The range of Australian products are packed full of organically grown and wildly harvested ingredients and are carefully selected for their natural properties.
Pu-erh Tea
Pu’Er (Pu-erh) Tea has long been identified in Chinese medicine as a daily medicinal essential as well as assisting in weight loss and digestion. Having pu–erh tea on a regular basis may help relieve symptoms of metabolic syndrome. It’s been shown to lower blood sugar, reduce obesity, and boost immunity. Plus, it lowers cholesterol and prevents free radical damage. In other words, it helps tackle all five of the syndrome’s factors.
The origins date back 1700 years and by the Tang Dynasty this tea was traded with more populated areas like Beijing, Tibet and Burma. Due to the remote high altitude the tea was compressed, aged and transported along a vast network of trails known as the Tea Horse Road.
Pu-erh is an aged, fermented tea. Pu-erh tea is unique because it’s made from a natural fermentation process. This process oxidizes the plant’s leaves, amplifying its antioxidant benefits.
Matcha Green Tea
Providing small amounts of vitamins and minerals, matcha is also rich in antioxidants called polyphenols, which have been tied to protection against heart disease and cancer, as well as better blood sugar regulation, blood pressure reduction, and anti-aging.

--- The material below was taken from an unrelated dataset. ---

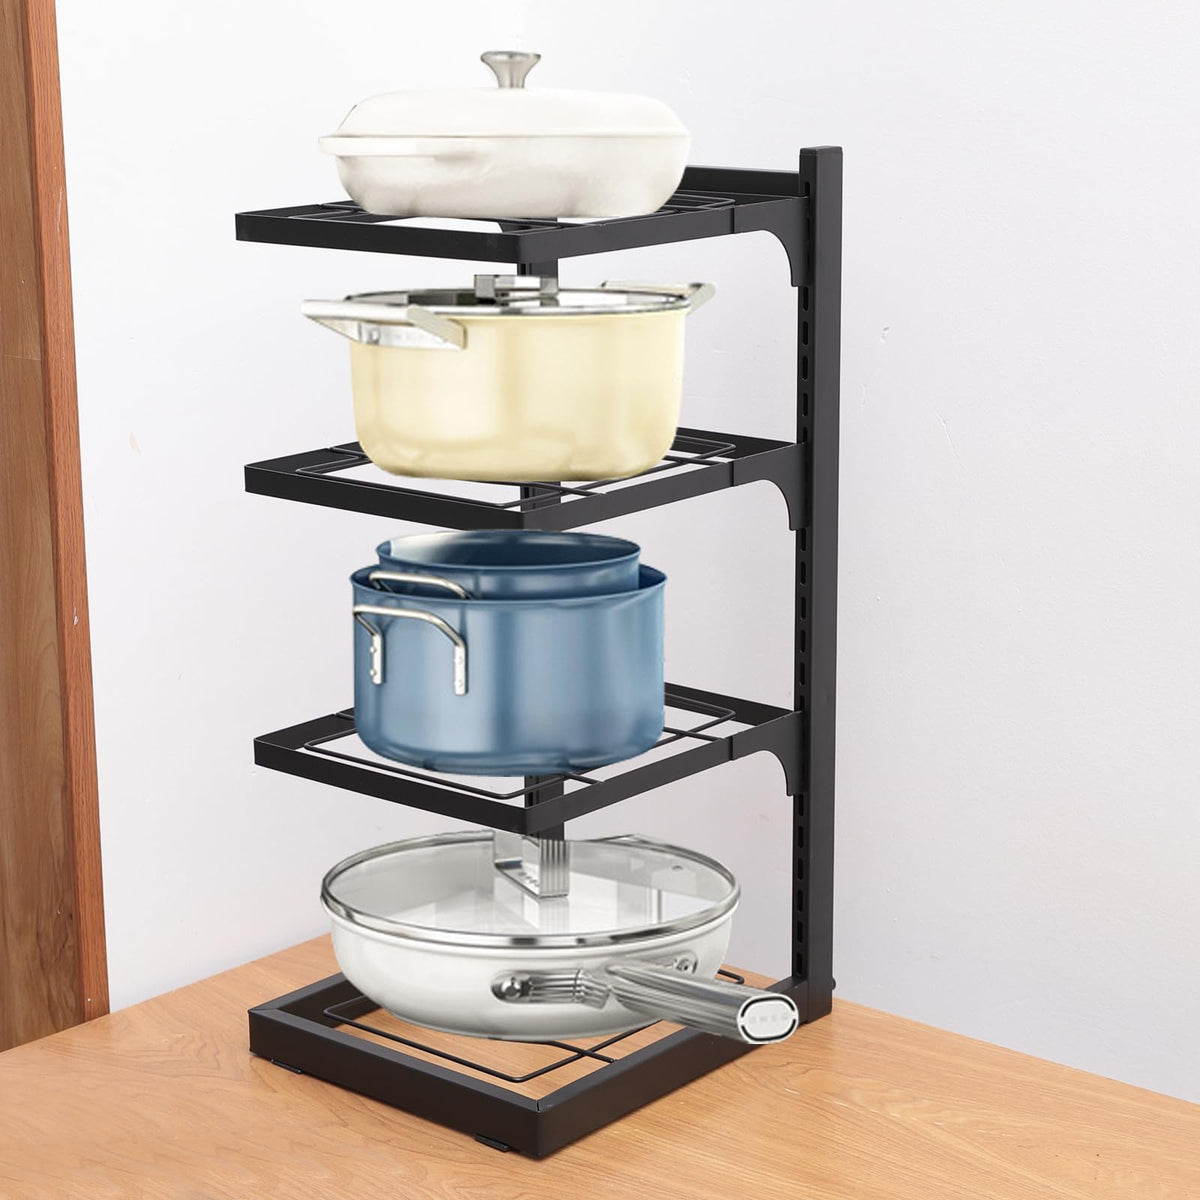 Kuber Industries 4-Layer Pots and Pans Organiser Rack|Kitchen Organization And Storage|Adjustable Pot Lid Holder Rack|Home Kitchen Accessories (Black)

One of my favorite Organic Green teas is Kukicha, sometimes known as Bancha, is a Japanese Organic green tea made from the twigs and stems of the tea plant. Kukicha is made from stems and branches that are separated in the refining process of Sencha (Green Tea).
They are then roasted in cast iron cauldrons to reduce the bitterness and decrease tannin and the roasting aroma and mild flavour are its main characteristics. Japanese folklore says it aids digestion and helps neutralize an acidic digestive system. Kukicha has been the most popular kind of tea because it has less caffeine and can be enjoyed by all tea drinkers, including children.